───── Given material
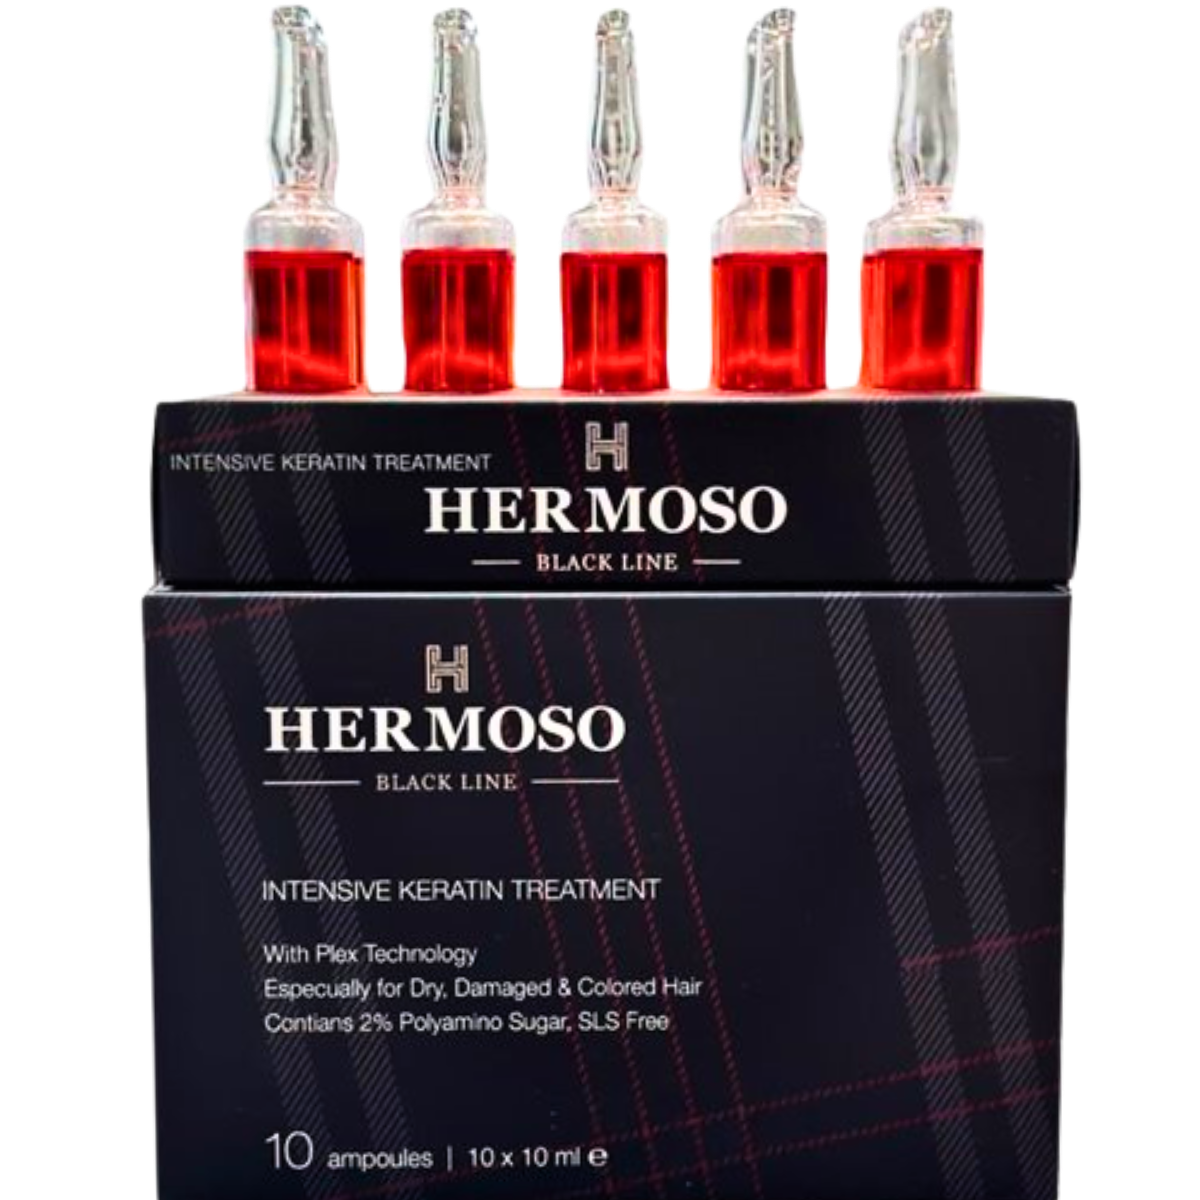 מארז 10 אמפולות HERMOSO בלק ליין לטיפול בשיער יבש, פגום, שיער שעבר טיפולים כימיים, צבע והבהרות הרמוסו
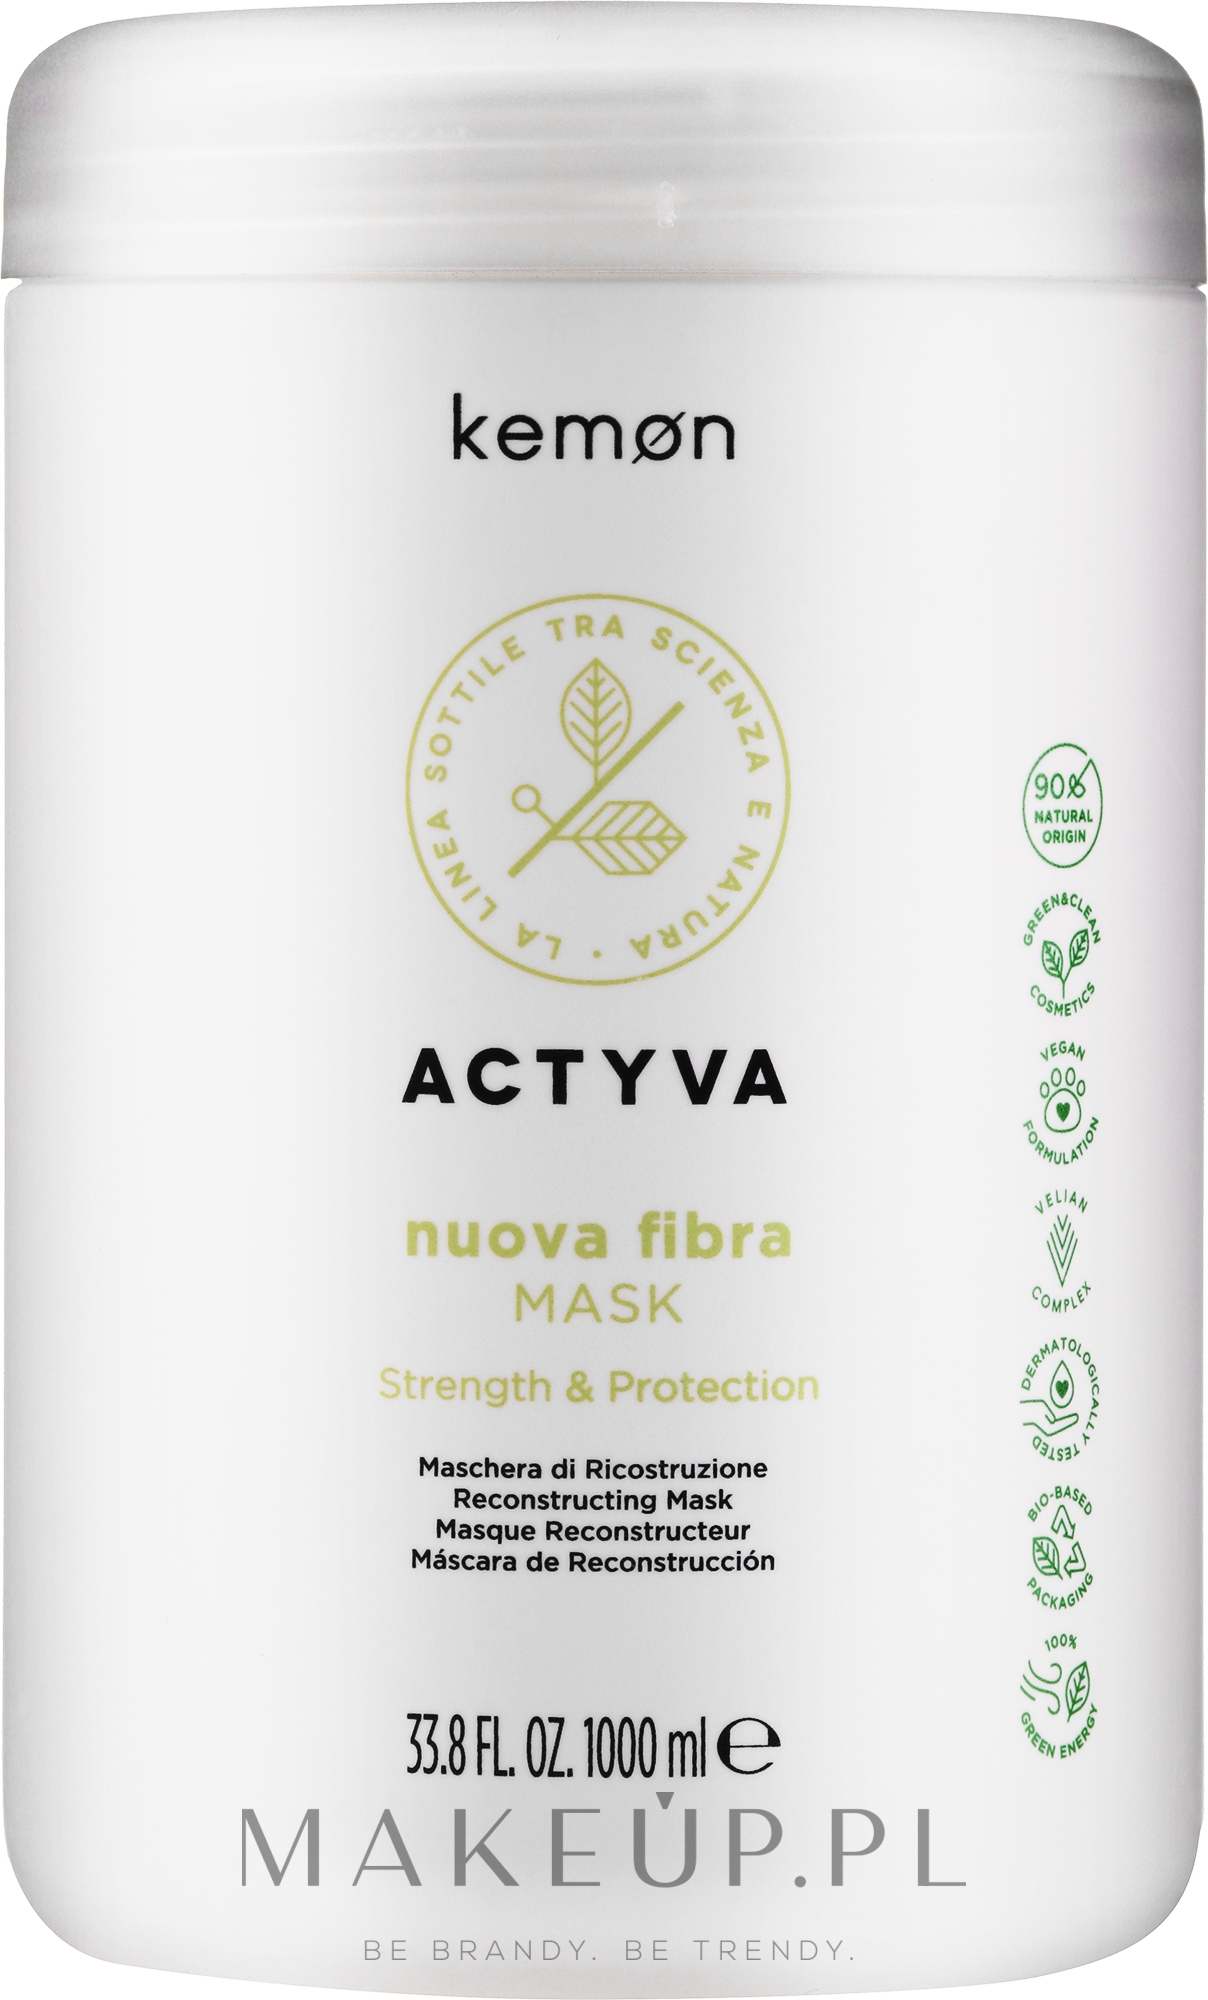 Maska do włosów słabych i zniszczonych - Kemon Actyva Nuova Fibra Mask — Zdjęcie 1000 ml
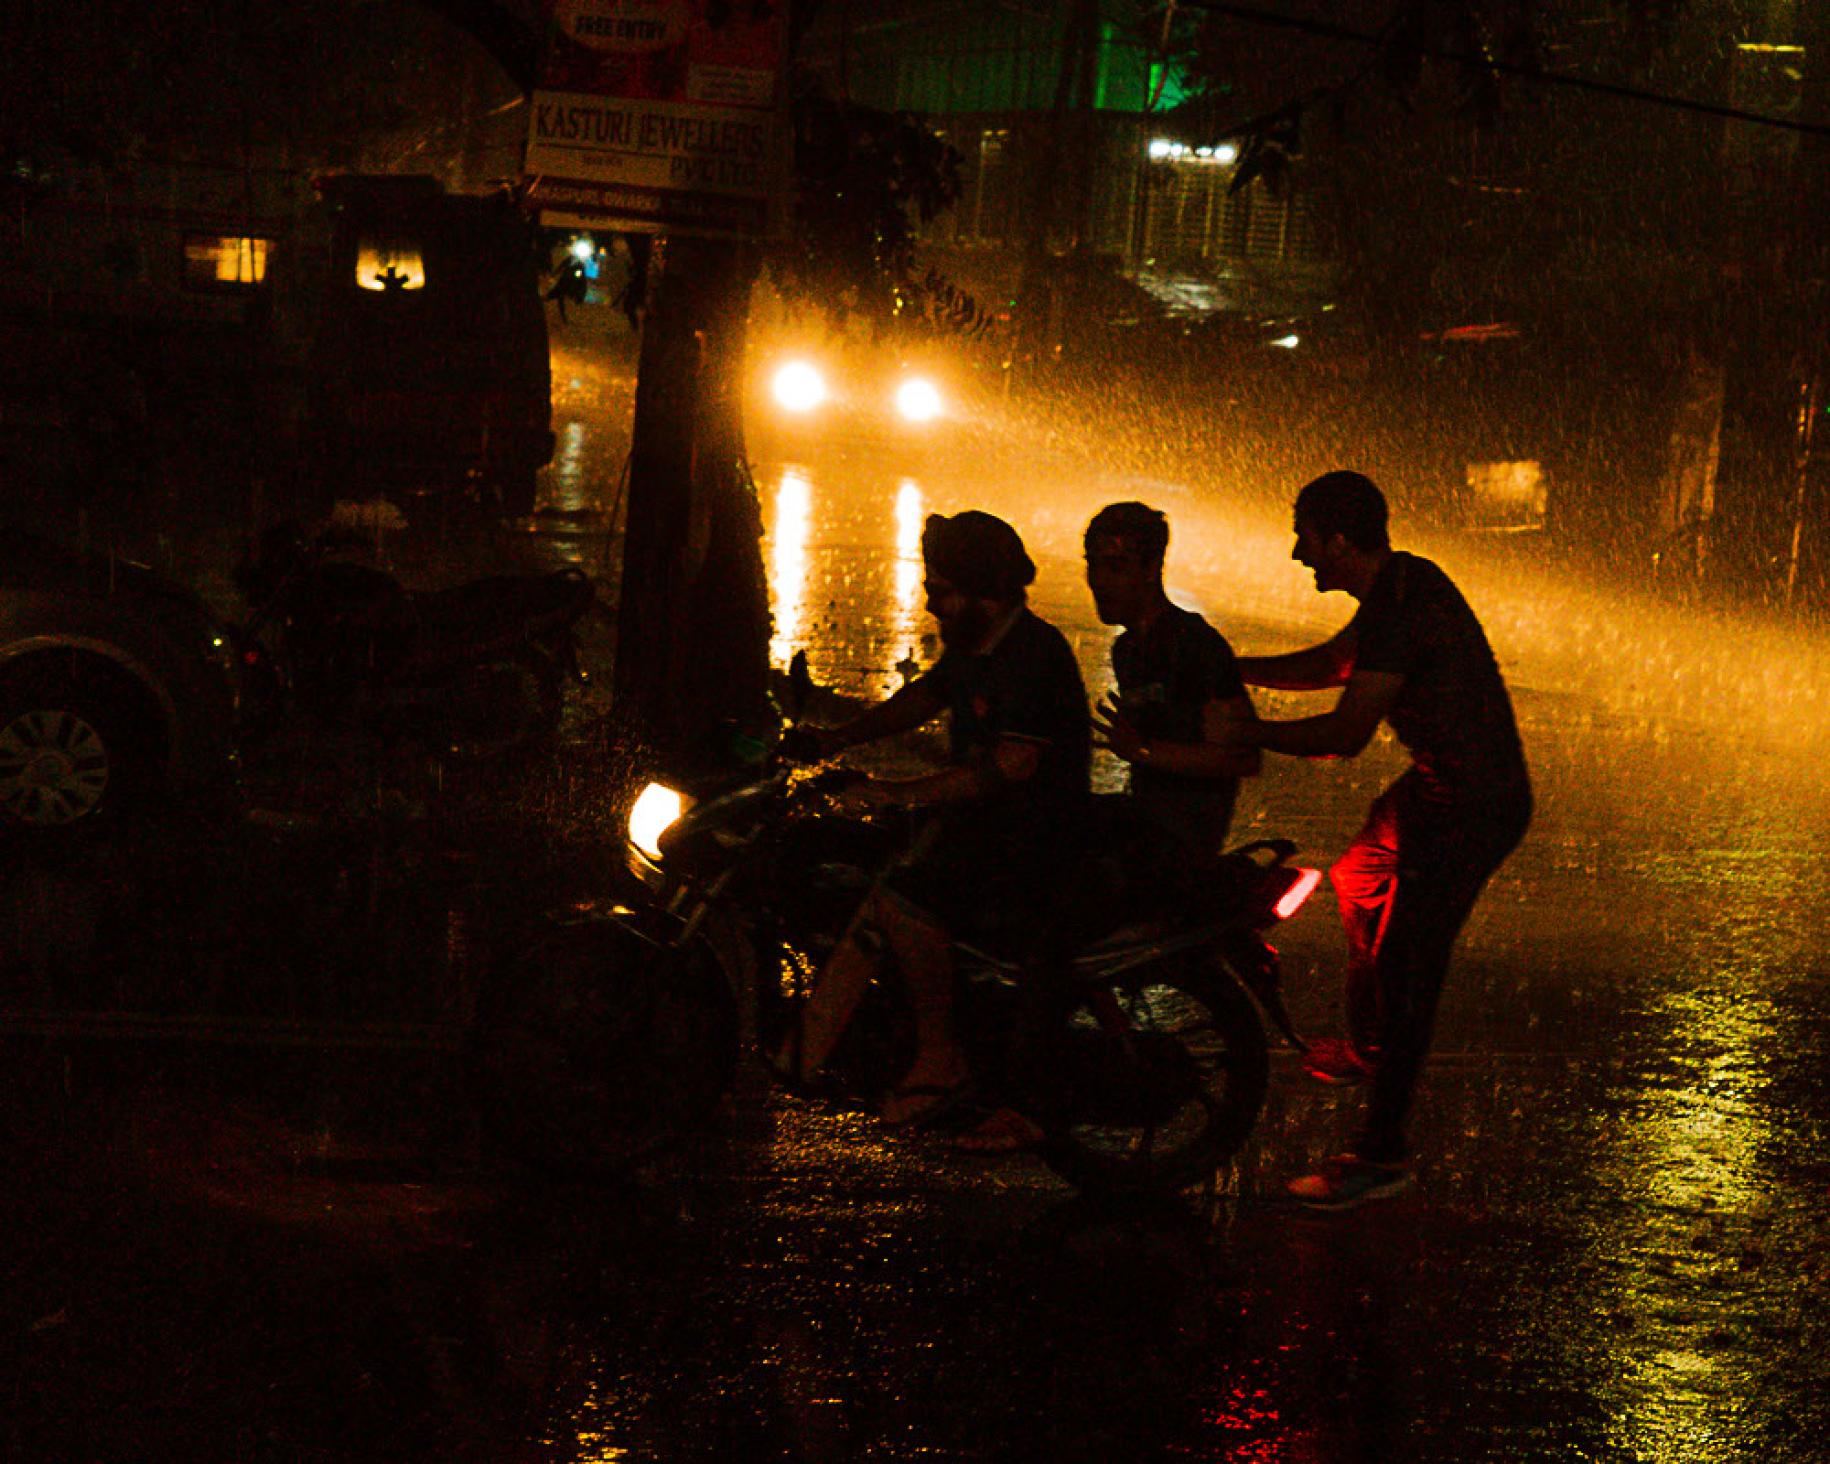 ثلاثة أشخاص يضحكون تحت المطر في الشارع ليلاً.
──────────
#### Task statement
Reproduce the data word for word, excluding its pictures.

#### Answer to the problem
 מארז 10 אמפולות HERMOSO בלק ליין לטיפול בשיער יבש, פגום, שיער שעבר טיפולים כימיים, צבע והבהרות הרמוסו
 Maska do włosów słabych i zniszczonych - Kemon Actyva Nuova Fibra Mask — Zdjęcie 1000 ml
 ثلاثة أشخاص يضحكون تحت المطر في الشارع ليلاً.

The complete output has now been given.